The opening credits are rather mysterious and ghostly and tell us of empires lost. Sweet.
Clever and funny, I found them. Those are credits I actually liked to watch!
We start with an adult Hu Bayi talking about his family having an incomplete book called The Sixteen Character Geomancy Secrets of Yin and Yang written by seniors of Mojin Xiaowei. What’s that about? You’ll find out in detail later, dear reader. Not in this episode, though, so just put it aside for now.
That book is also mentioned in Saki's other Tomb Raider recap jewel - the excruciatingly boring Candle in the Tomb!
Trotwood: I'm hoping that I won't feel the need to go into rage fits here, but I was a bit excited to remember this book from the other series. It's like that moment when you know the answer to something on a test not because you studied but because it came up in some random conversation the day before.
Back to 81: he says that thanks to this book, he and Wang Kaixuan, or, as we know him, Fatty, joined Mojin Xiaowei as grave robbers. Hu Bayi says he’s never regretted the terrifying adventures they’ve had together over the years, but now he’s quit the business and is off to America for a new life.
Hardly.
That's what I thought, too.
Fatty comes to wake him up. Fatty is skinny. And he complains about Hu Bayi’s untidy room even though they’re leaving for the US that very day. Okay, everyone, this is my first intro to Ethan Ruan and he is grossing me out. He looks really unwashed. Anyway, 81 wants to leave another day, and Fatty goes no way, Shirley Yang bought us the tickets, we’re going! By the way, it’s 4 in the afternoon for them. Looks like Hu Bayi slept through his last day in China.
Can't blame him. I'd like to sleep all the time too. He didn't gross me out, but he seems kinda down and out. Also: Fatty is terribly overacting. Tone it down, please, less is more.
I have to say I was a bit confused by this because from what I remember from Candle in the Tomb, Hu Bayi was NOT messy. What happened between the time Shirley left them with those mysterious marks on their body and now that would change him? 
Ugh we now have to look at Hu Bayi brushing his teeth and him spitting it out while it also drips down his chin.
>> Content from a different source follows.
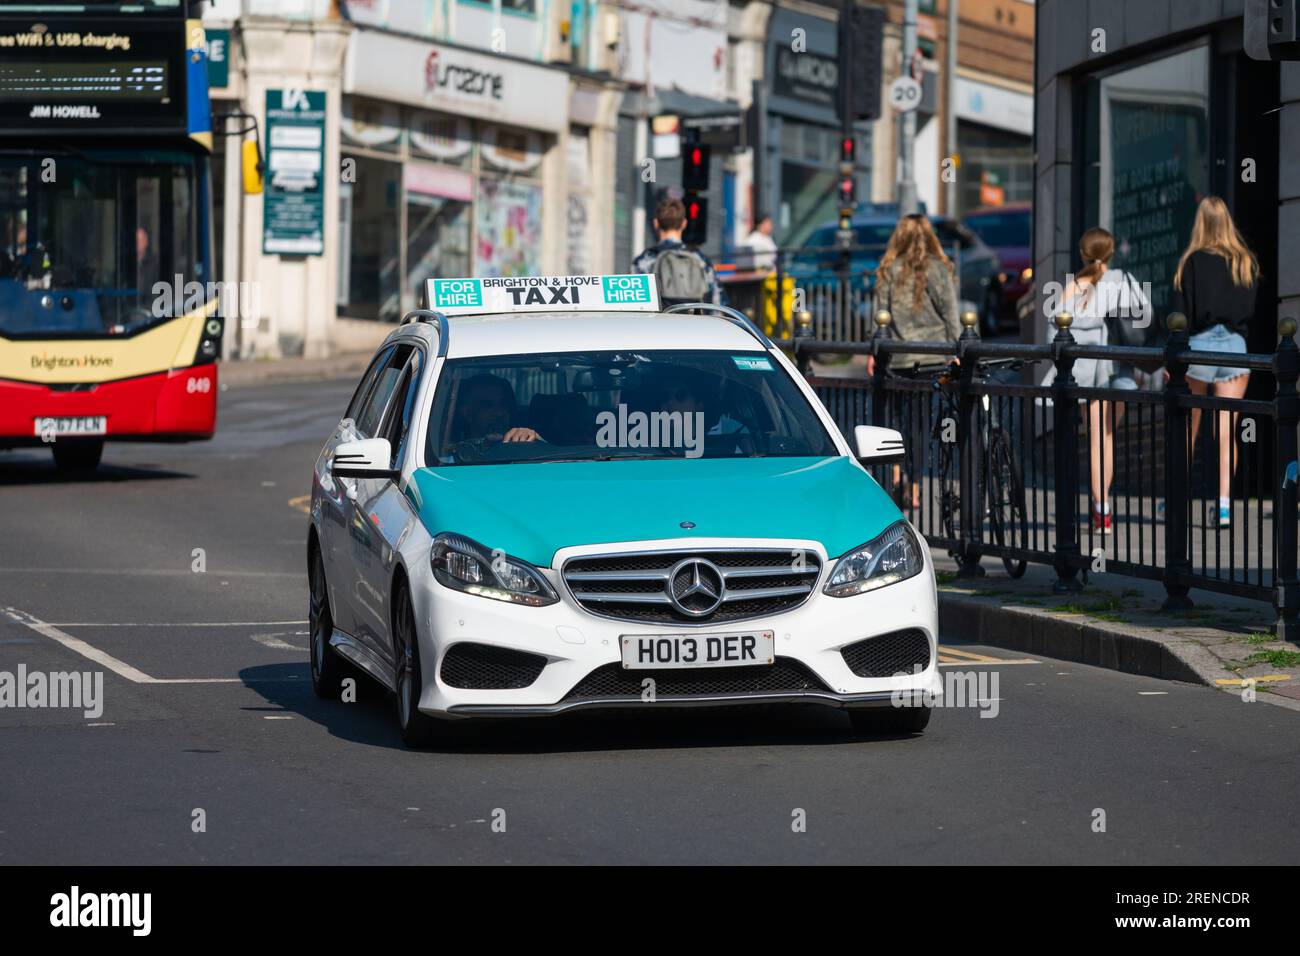 Taxi, un'auto Mercedes, nella trafficata città di Brighton & Hove, con livrea verde e bianca utilizzata da molti taxi di Brighton. A Brighton, Inghilterra, Regno Unito. Foto Stock

Nope, I don’t care how many fans this actor has, I’m grossed out. And yes, these opening scenes will mildly put me off Ethan Ruan for the rest of this series and anything else he’s in.
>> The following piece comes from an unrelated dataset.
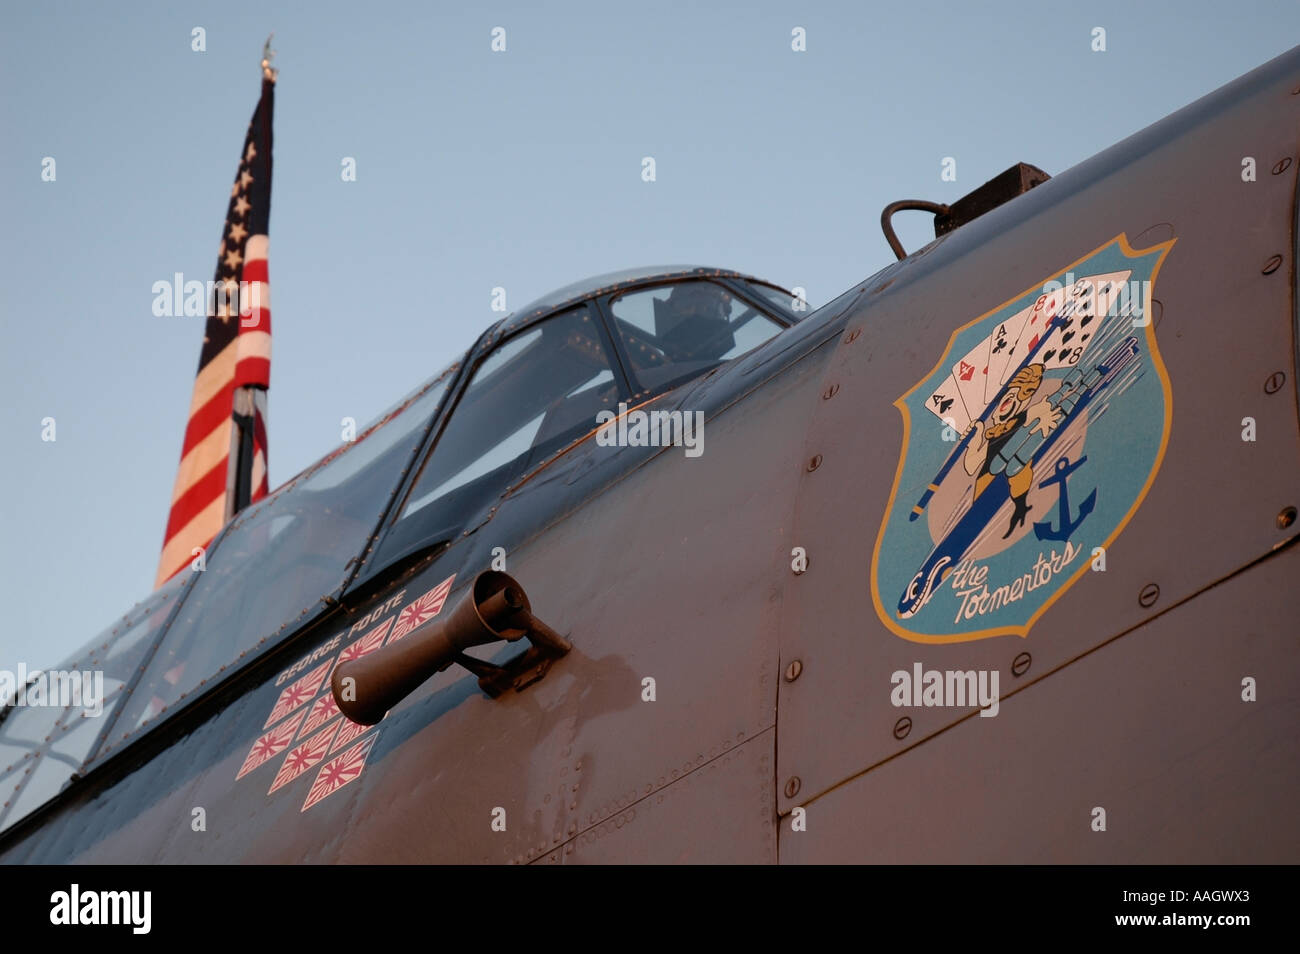 Abzeichen auf der Nase von einem amerikanischen WW2 Kampfflugzeugen liest "Der Peiniger". Stockfoto

Still not grossed out. People sitting on toilets making farting noises etc. gross me out, but not people brushing their teeth, however messily. 
They do film it so that he seems to be spitting ON us, which is what I mentioned above. This is also when I looked up the casting to make sure it was him. He's pretty unrecognisable even to someone who's seen him before.
So, they look at a picture of themselves on their first expedition. And they remember, wooooo…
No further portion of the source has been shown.